Run dynamic partition pruning for split locally on a worker node for iceberg

trinodb / trino

Official repository of Trino, the distributed SQL query engine for big data, formerly known as PrestoSQL (https://trino.io)

https://trino.io

Apache License 2.0

10.33k stars 2.97k forks source link

Run dynamic partition pruning for split locally on a worker node for iceberg #16299

Closed raunaqmorarka closed 9 months ago

raunaqmorarka commented 1 year ago

Port hive optimization from https://github.com/trinodb/trino/pull/9869 It should help in improving utilisation of dynamic filters which arrive late

cc: @sopel39 @radek-starburst @alexjo2144

alexjo2144 commented 1 year ago

We can try this, but I'm not sure it'll have the same effect as it did for Hive. In Hive we have a queue of up to 1000 splits in memory for some amount of time, and there might be a large gap between when they are generated and when they are served to a worker. In Iceberg we don't have that queue, splits are generated on demand, so the gap between when they are generated and when they are served should be small.

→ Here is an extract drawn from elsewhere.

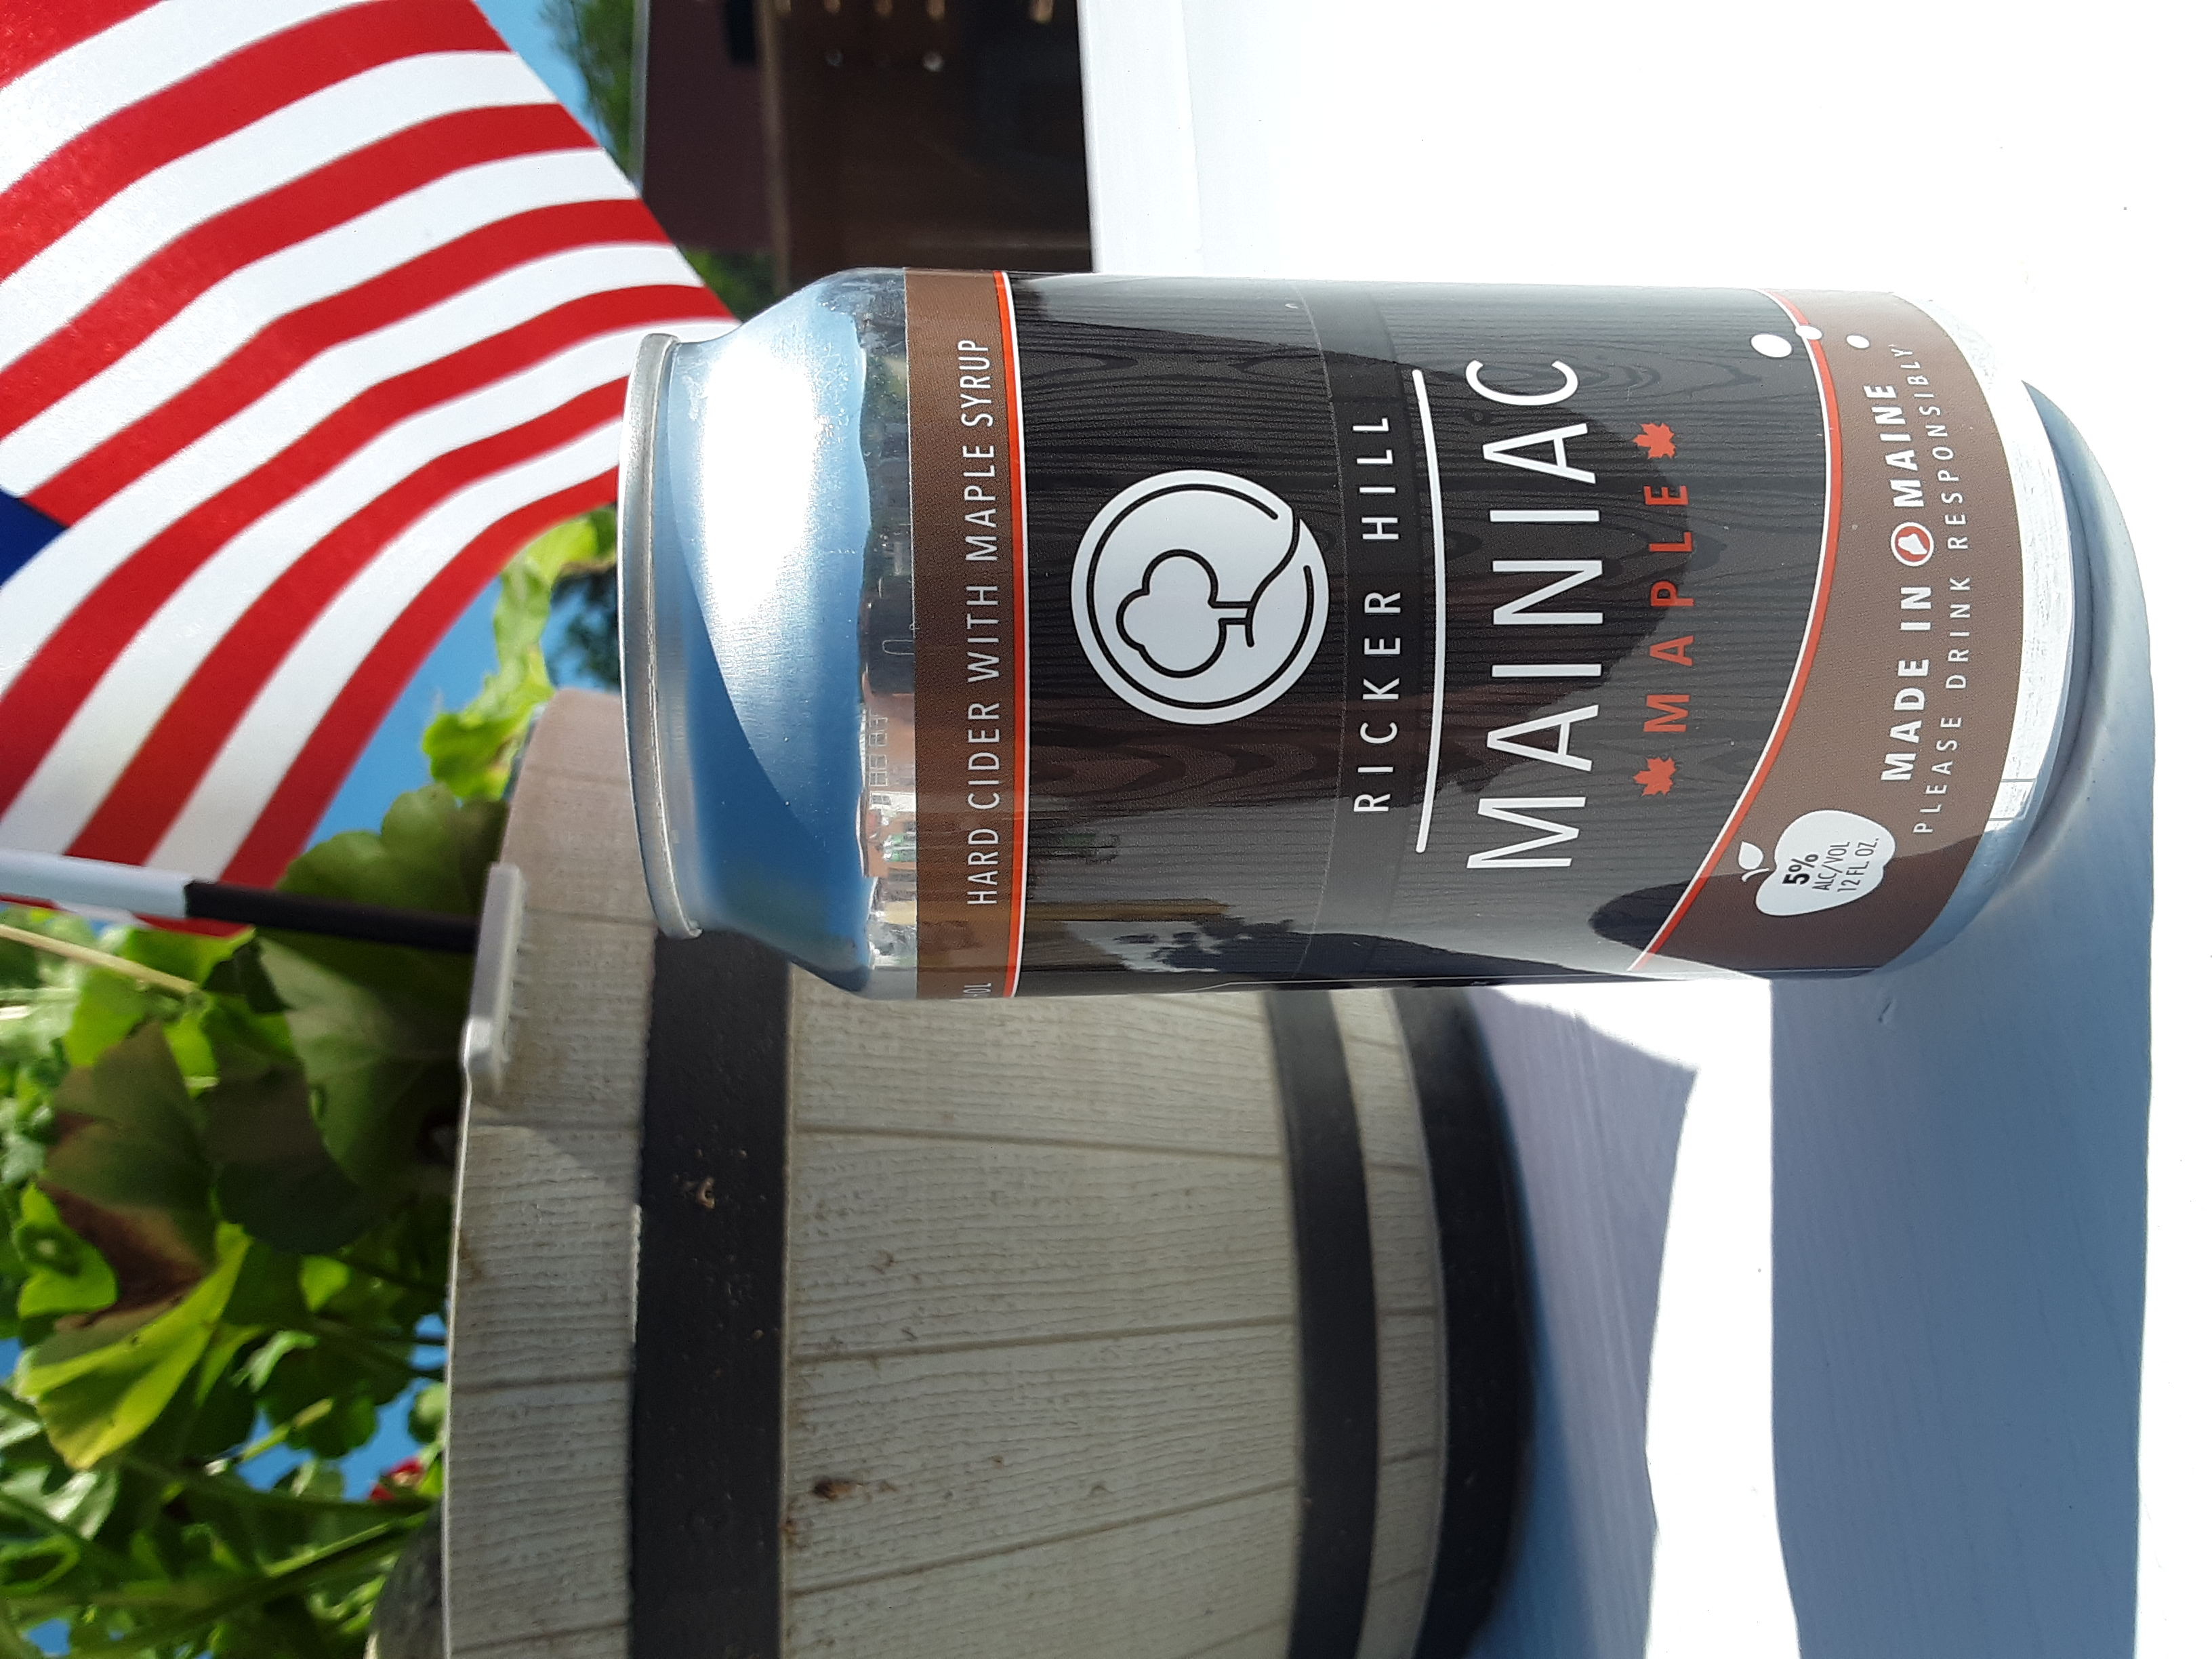 Ricker Hill Mainiac Maple hard cider

sopel39 commented 1 year ago

@alexjo2144 splits get queued on worker node too

osscm commented 1 year ago

@raunaqmorarka that's interesting, I am volunteering to work on this issue. wondering is it worth to identify the slowness can be there when this feature is not there.

sopel39 commented 1 year ago

@osscm are you working on this?

osscm commented 1 year ago

@osscm are you working on this?

Hi @sopel39, yes I started on it.

raunaqmorarka commented 9 months ago

Implemented by https://github.com/trinodb/trino/pull/20212